His attention drew inward for a minute, then returned to me. "I'll send a raiding party to the plateau. Do these Kazakhs live in large bands or small?"
A raiding party. The Navajos had known about things like that, 250 years ago. Now- Now I wondered. "I don't know," I answered.
"We'll have to go and find out," he said.
He told his scouting parties to find a way down off the mesa into one of the canyons that flanked it. A way that the women could hike. The canyon needed to have good water and be one that men could climb out of, up onto the plateau. When the scouting parties had left, he went to see how the crews were doing cutting up tents to make shelter pieces. I went with him.
It seemed to me we were lucky to have Tom Spotted Horse as our chief. He sized up problems, made decisions, and gave orders like a marine sergeant.
The sun moved as slowly in the sky as you might expect on a world with forty hours between sunup and sundown. Tom's scouts had found two possible ways to leave the mesa. He selected one, then got the rations, blankets, shelter pieces, and pieces of tent rope distributed among the people. They made packs out of them. Then he formed them up in their units and we started down the trail, with scouts leading the way. The sun seemed almost as high as when the shuttles had left, a little more than three hours earlier by my watch. There were eight rations for each person-that was all we had-and no one was to eat until Tom ordered a meal break.
It didn't pay to think too much about things; you could go into despair. We had to make a decision and do it, and handle the complications as they came up. Or lie down and die. The Dinneh weren't known for lying down and dying.

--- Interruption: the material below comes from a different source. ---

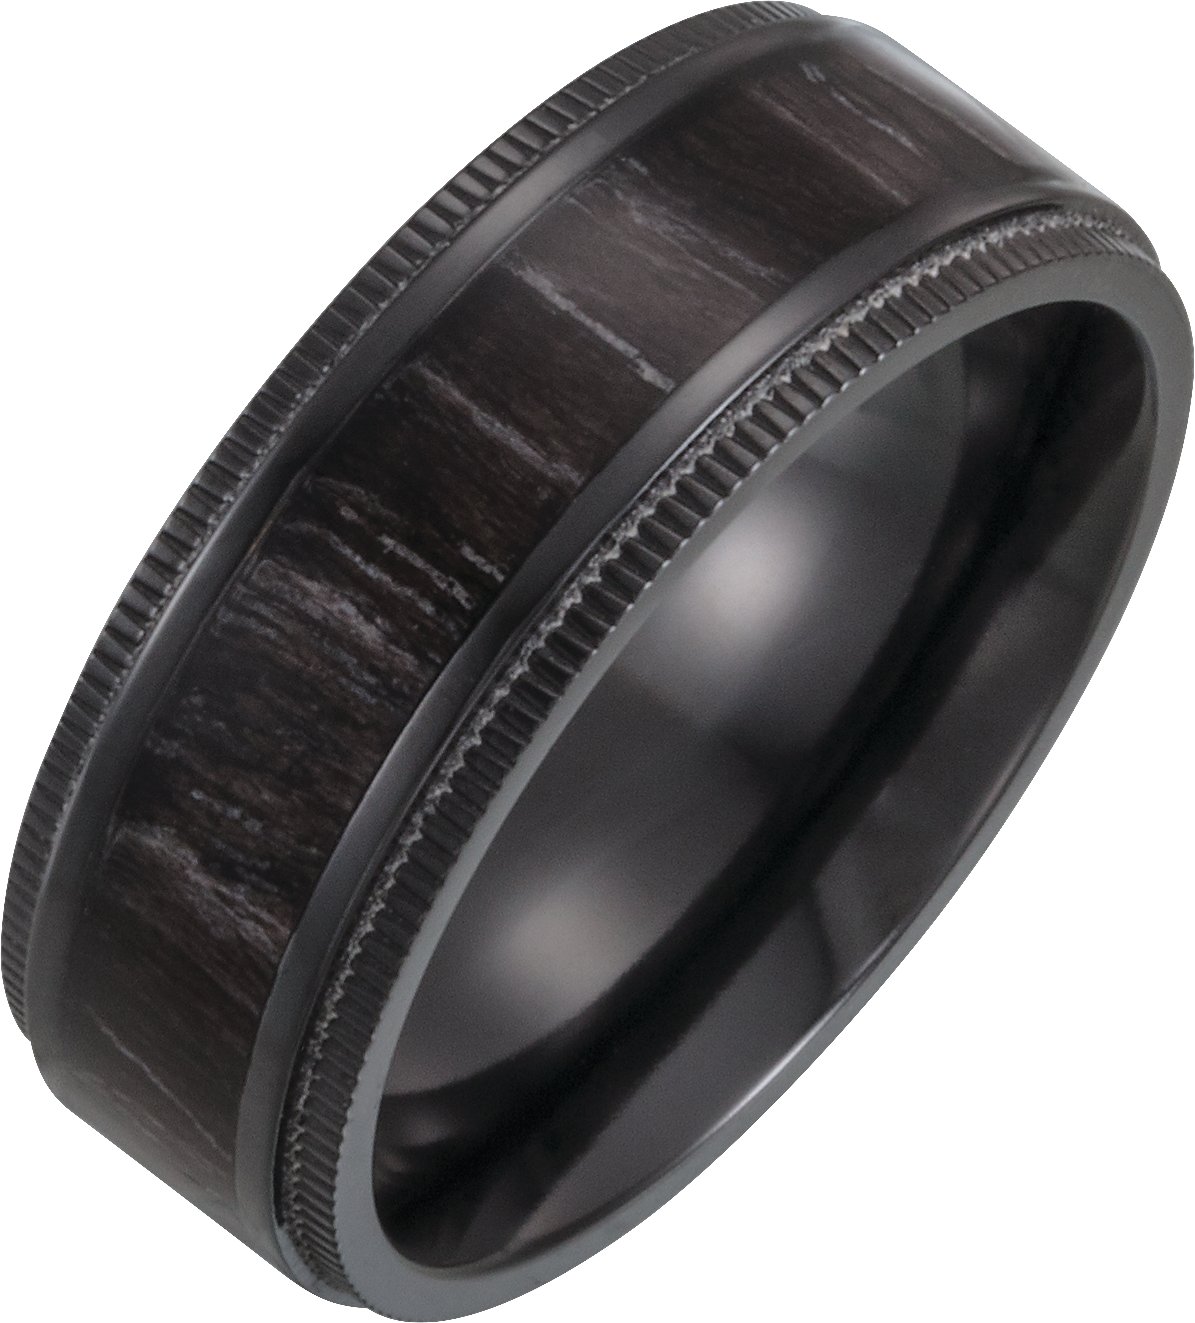 Black Titanium 8 mm Coin-Edge Band with Wood Inlay Size 12
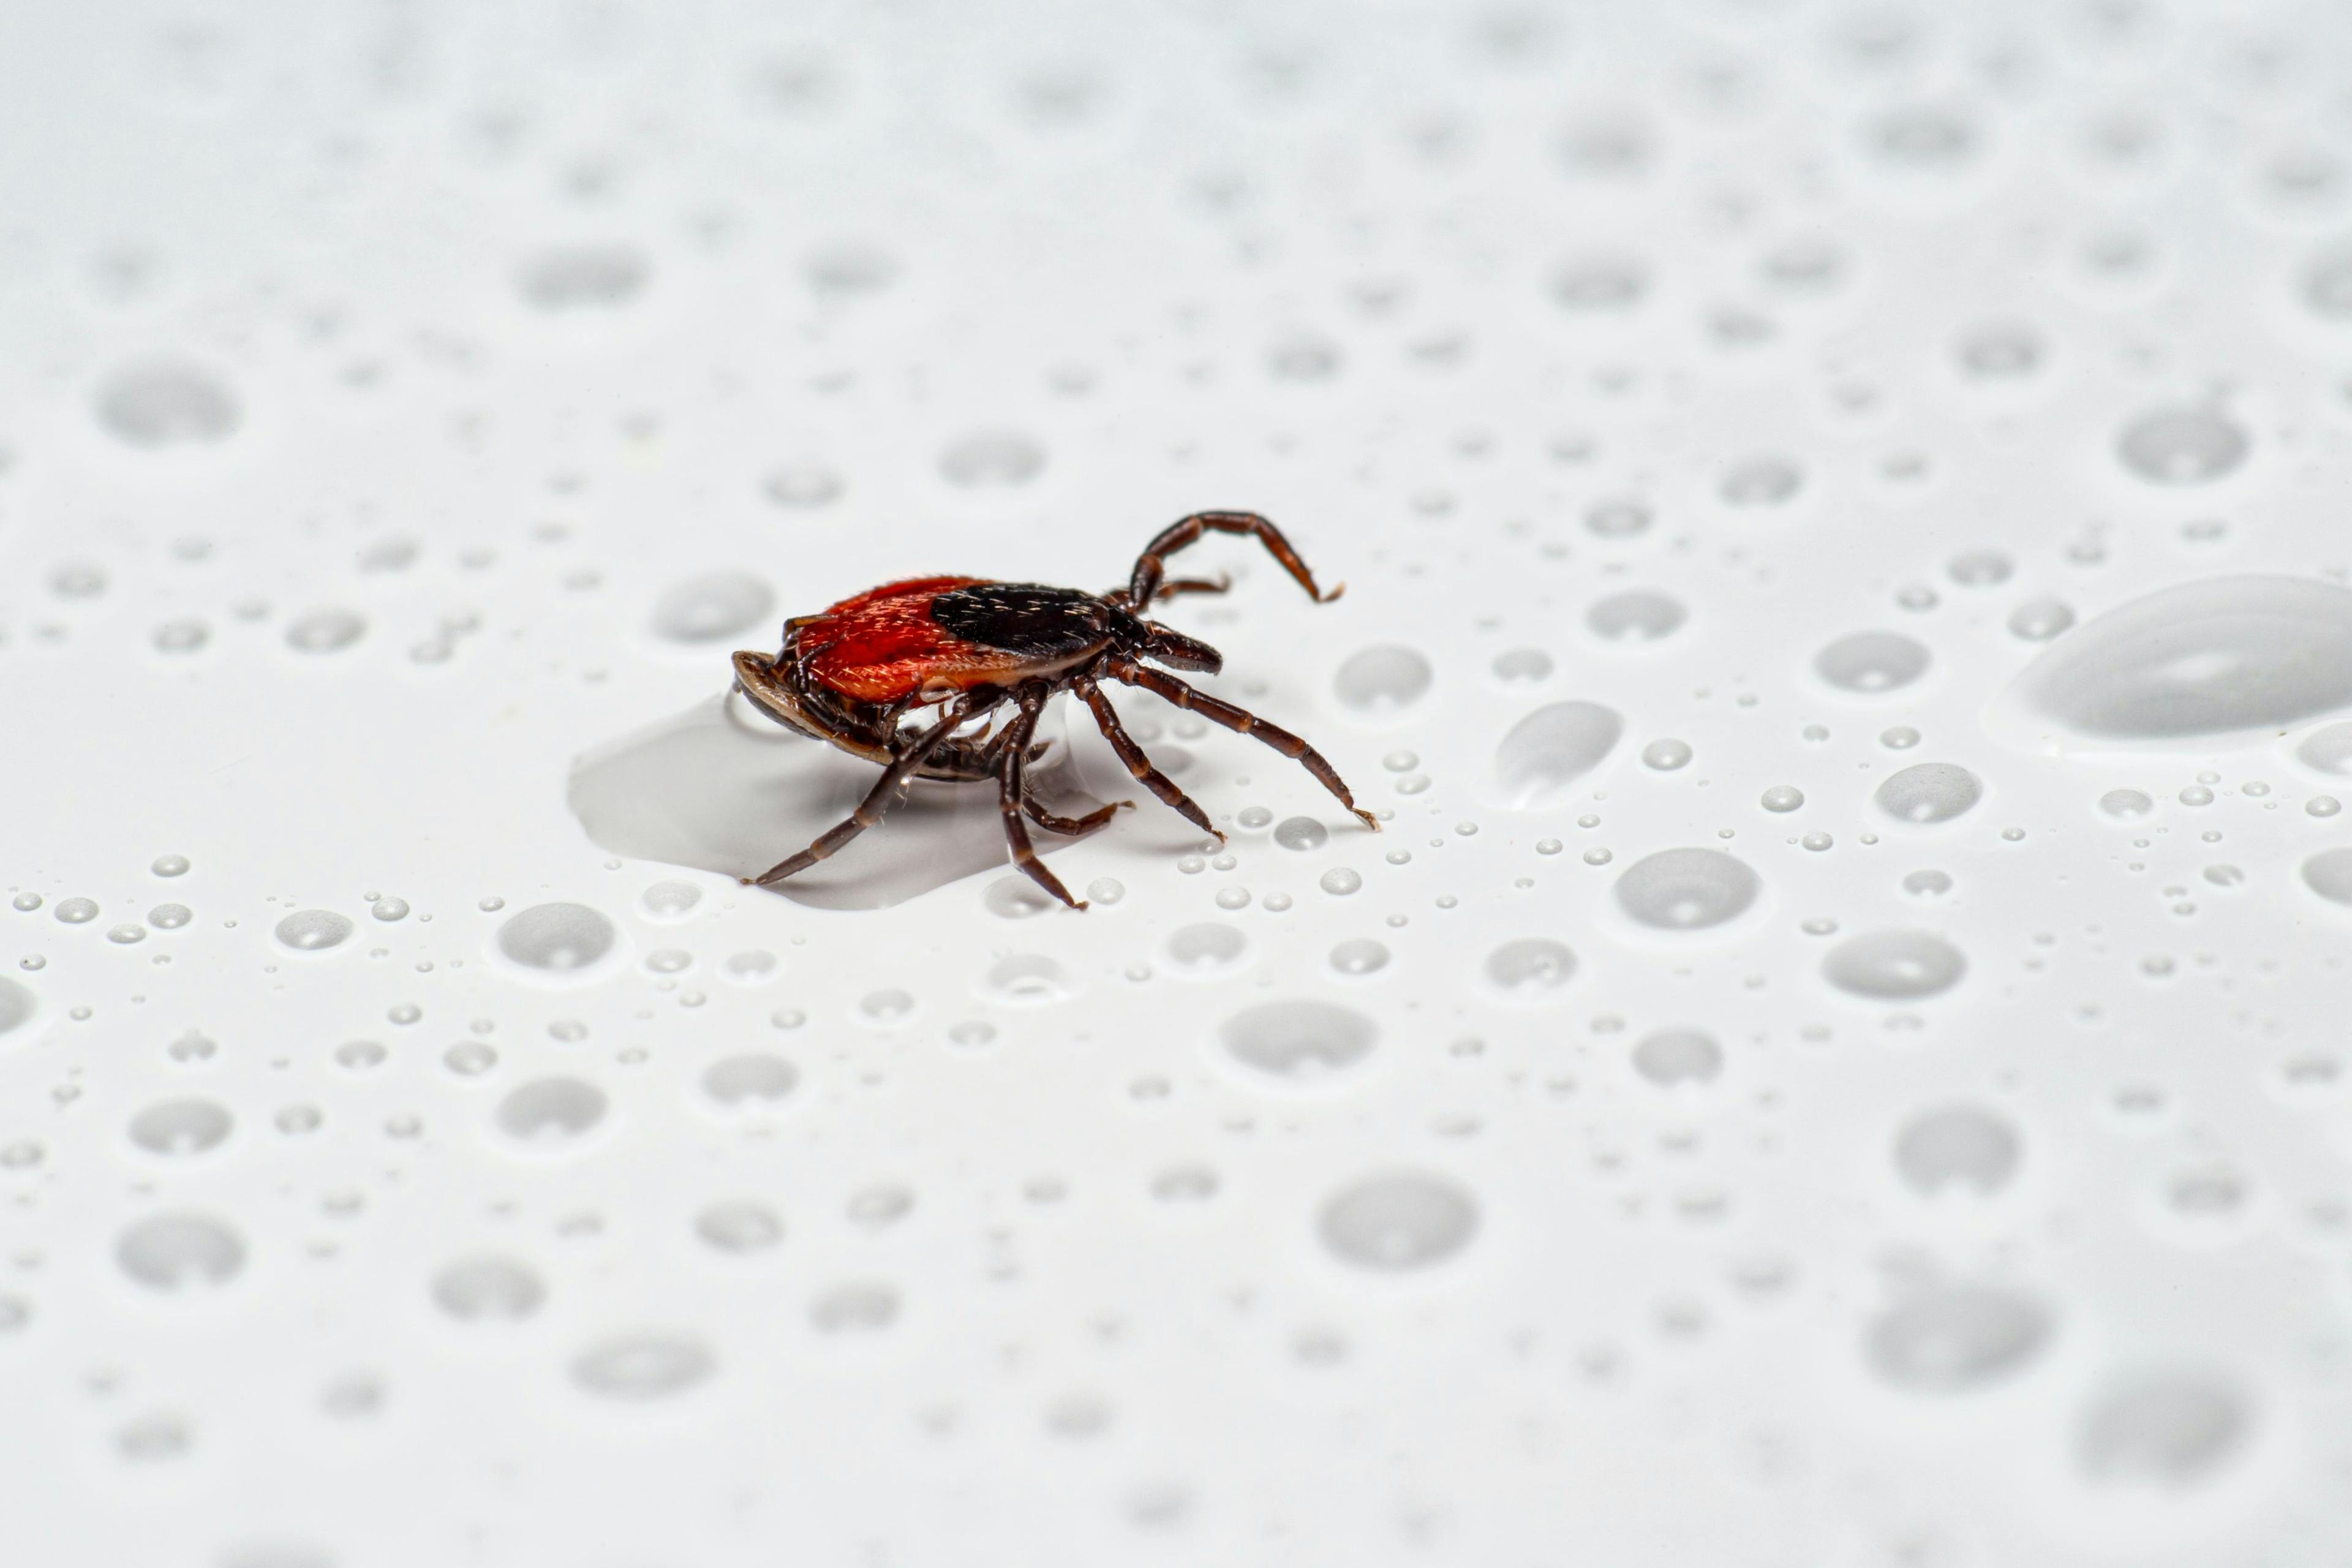 Immunosequencing T-Cell Receptor Repertoires Helps Diagnose Lyme Disease

We didn't have nice backpacks from Wilderness Suppliers. We rolled up our rations inside our two blankets each, wrapped them in a piece of tent cloth, tied it all together with a piece of tent rope, and slung it over a shoulder. Also there were a lot of people-almost all the women-who'd been interned wearing street shoes. Their feet were soon in trouble. Those who wore riding boots or engineer's boots were just as bad off. A few tried to go barefoot, but they put their shoes back on pretty quickly. Marilyn was wearing stout, low-cut walking shoes, but gravel and sand got in them. We took turns carrying Marcel. I offered to carry her pack for her, but she wouldn't let me. She said it would make her look bad to the Navajo women.
The canyon we worked our way down into was about seven hundred meters deep there, according to our map, and the way was steep, treacherous in places. It wasn't like hiking the Bright Angel or Kaibab Trails down into the Grand Canyon in Arizona. Those were surveyed, improved, and maintained-almost manicured; I suppose they still are. This was rough, untracked and uncertain. Much of it required scrambling instead of hiking. And we had people, especially women, who'd never hiked in their lives. Some weighed more than a hundred kilos, even after thirteen months on the Makarov. For them, the trail was hell; for some it was impossible. Twice we got cliffed out and had to wait while the scouts hunted for a way to continue. Then we all had to backtrack a ways before we could go on again. Once a scout fell to his death. We also lost eight people who fell when rock slid away beneath their feet and they couldn't stop sliding before they went over an edge.